## Required action
What is needed is the exact text of each line in the listing below from the one with "Strolling together at" up to and including the one with "Orlowski said his", and no pictures.

[[ Extracted entries, beginning ]]

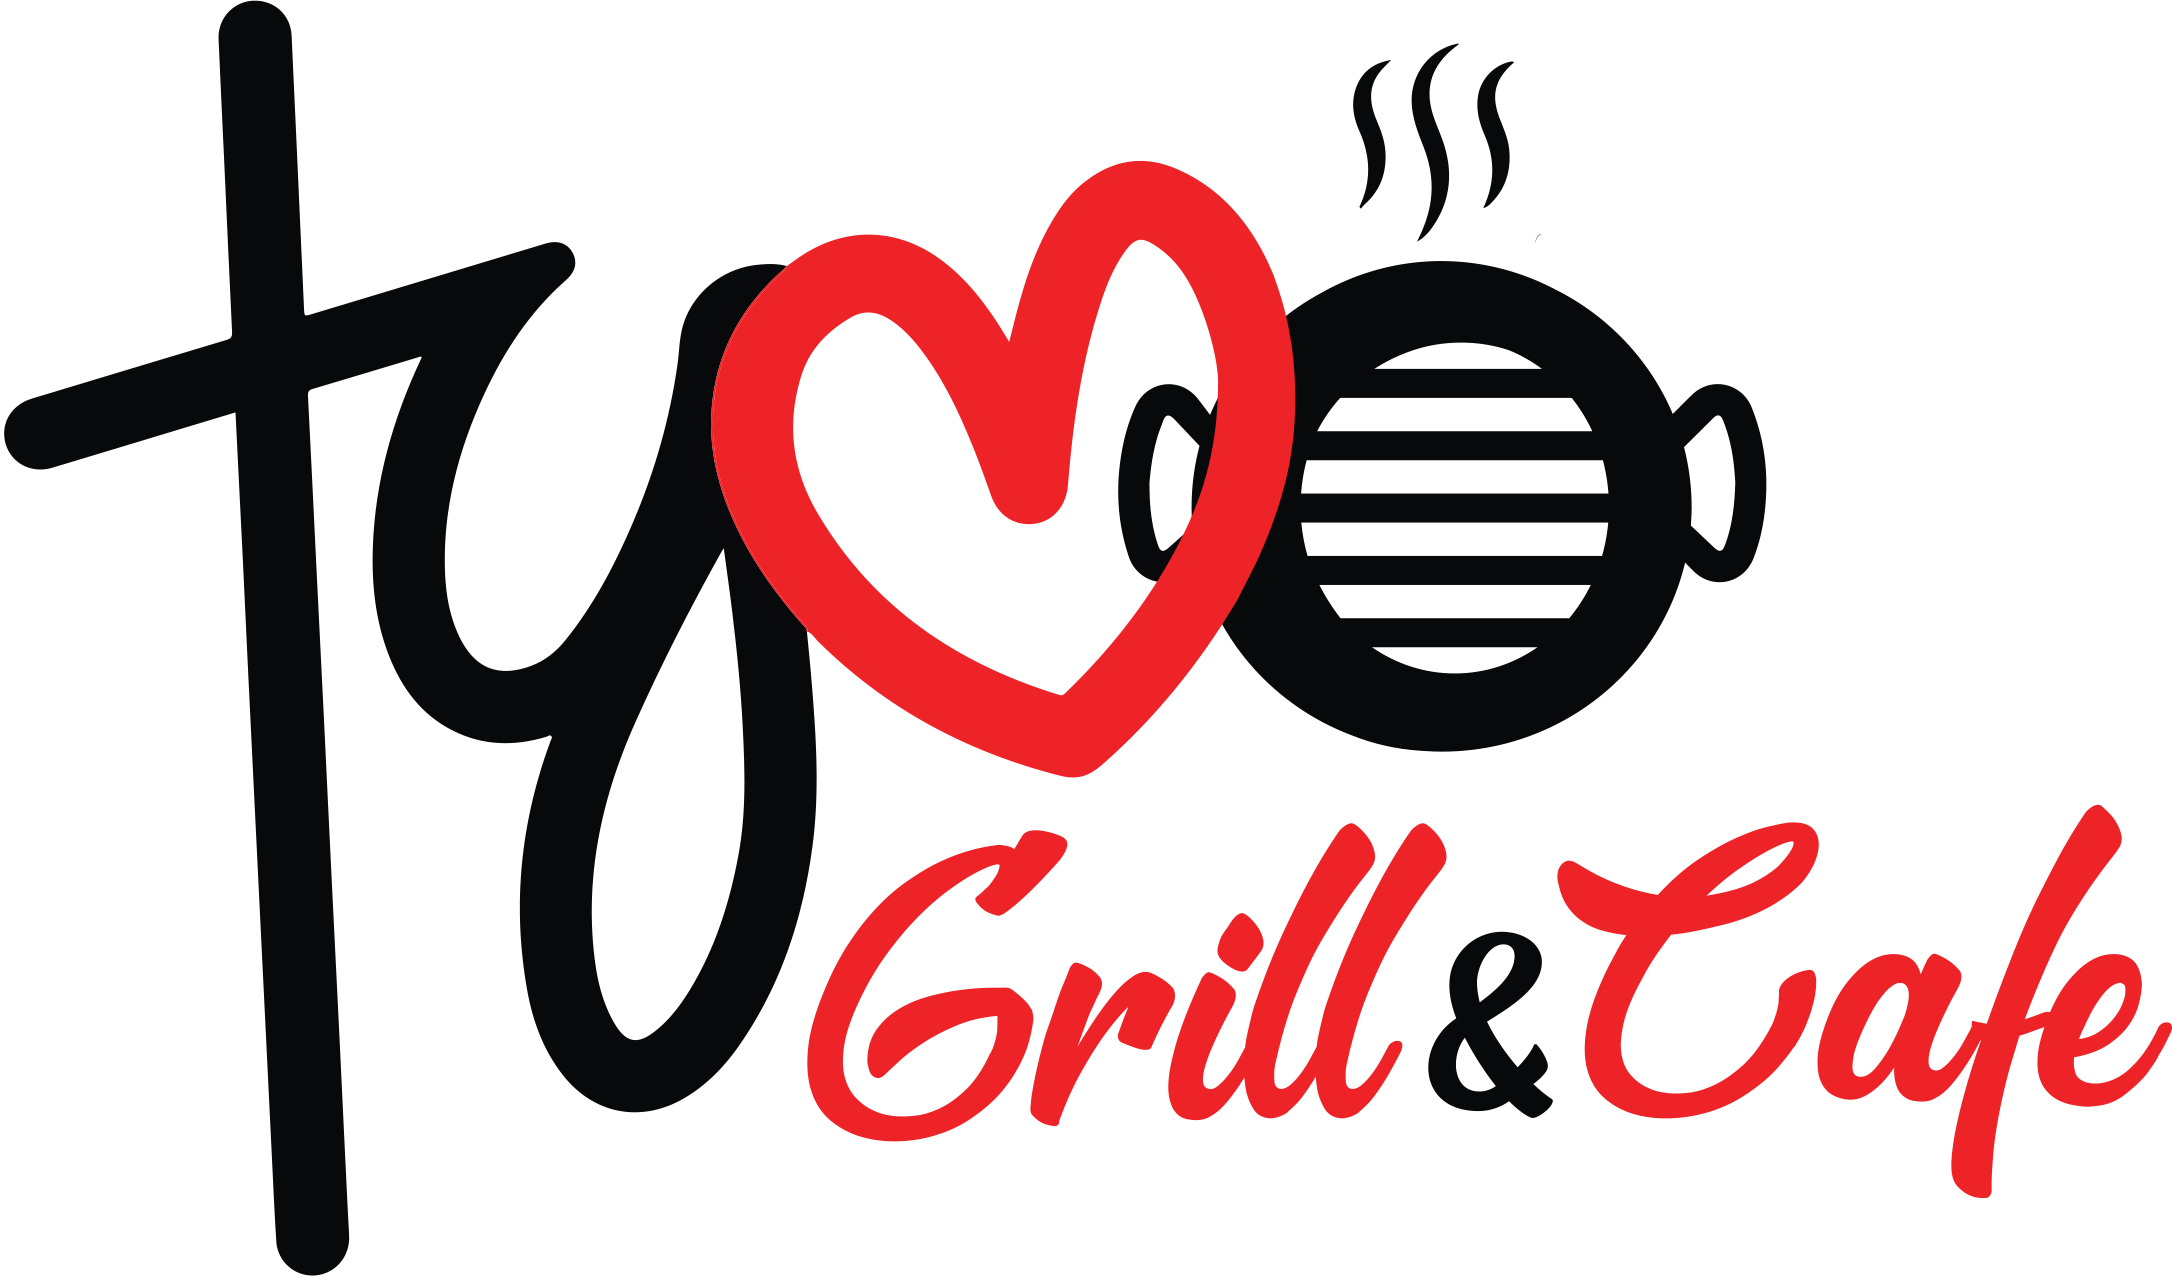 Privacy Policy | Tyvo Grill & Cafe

[[ Extracted entries, end ]]
[[ Extracted entries, beginning ]]

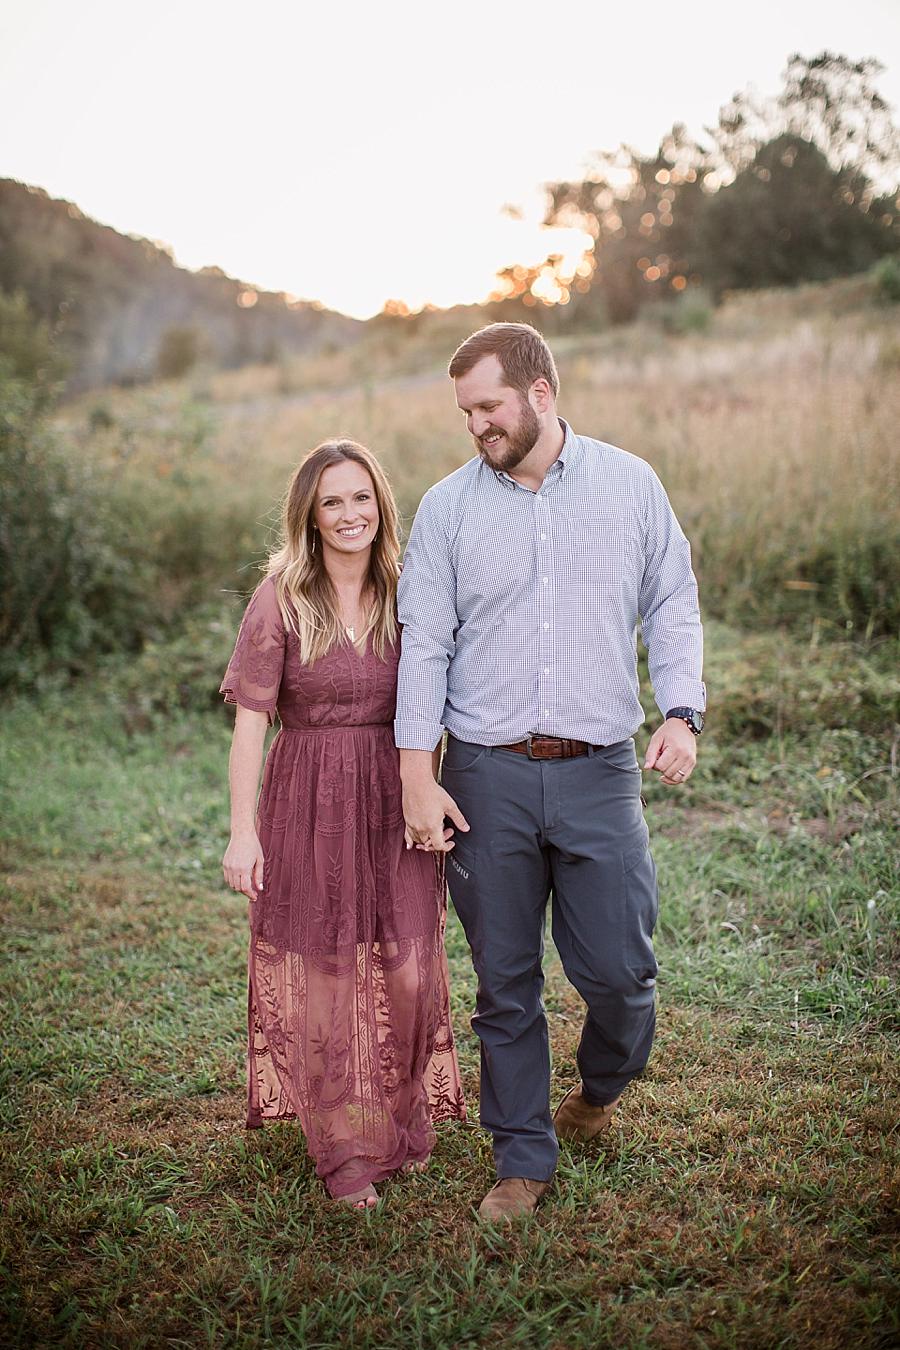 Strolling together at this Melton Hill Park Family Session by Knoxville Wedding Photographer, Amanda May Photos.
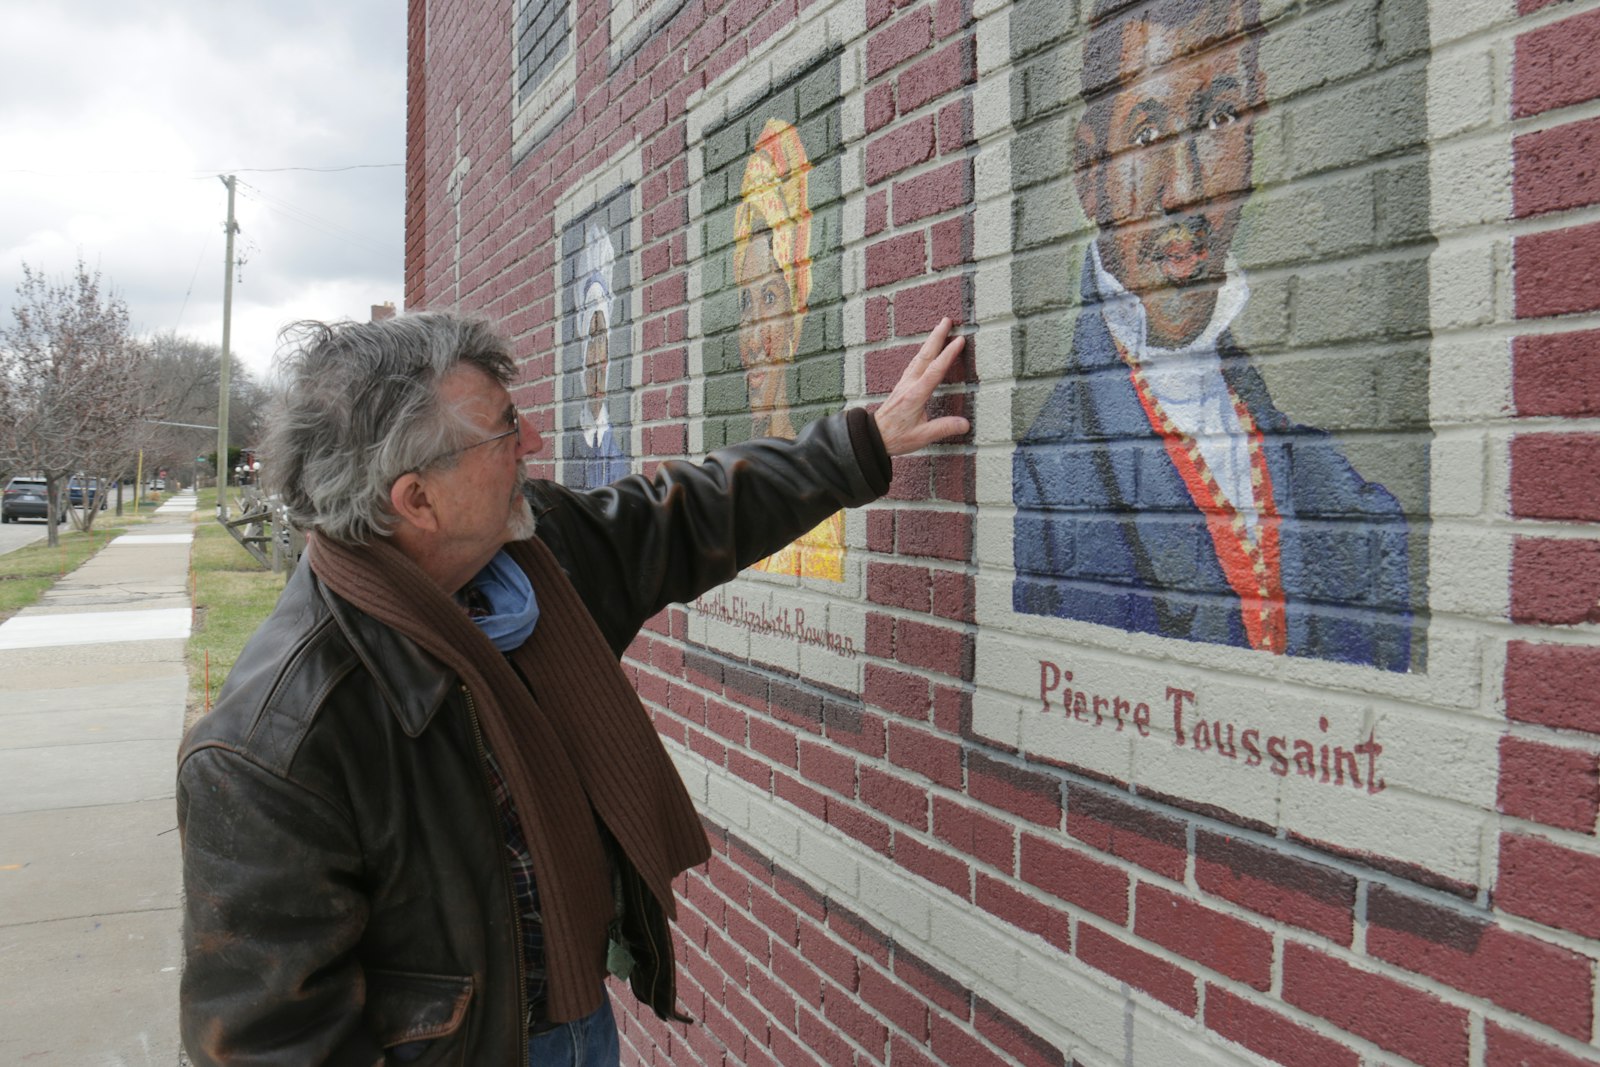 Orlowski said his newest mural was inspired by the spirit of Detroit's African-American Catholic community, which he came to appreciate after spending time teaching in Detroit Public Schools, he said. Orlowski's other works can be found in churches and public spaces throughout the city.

[[ Extracted entries, end ]]

## Result
 Strolling together at this Melton Hill Park Family Session by Knoxville Wedding Photographer, Amanda May Photos.
 Orlowski said his newest mural was inspired by the spirit of Detroit's African-American Catholic community, which he came to appreciate after spending time teaching in Detroit Public Schools, he said. Orlowski's other works can be found in churches and public spaces throughout the city.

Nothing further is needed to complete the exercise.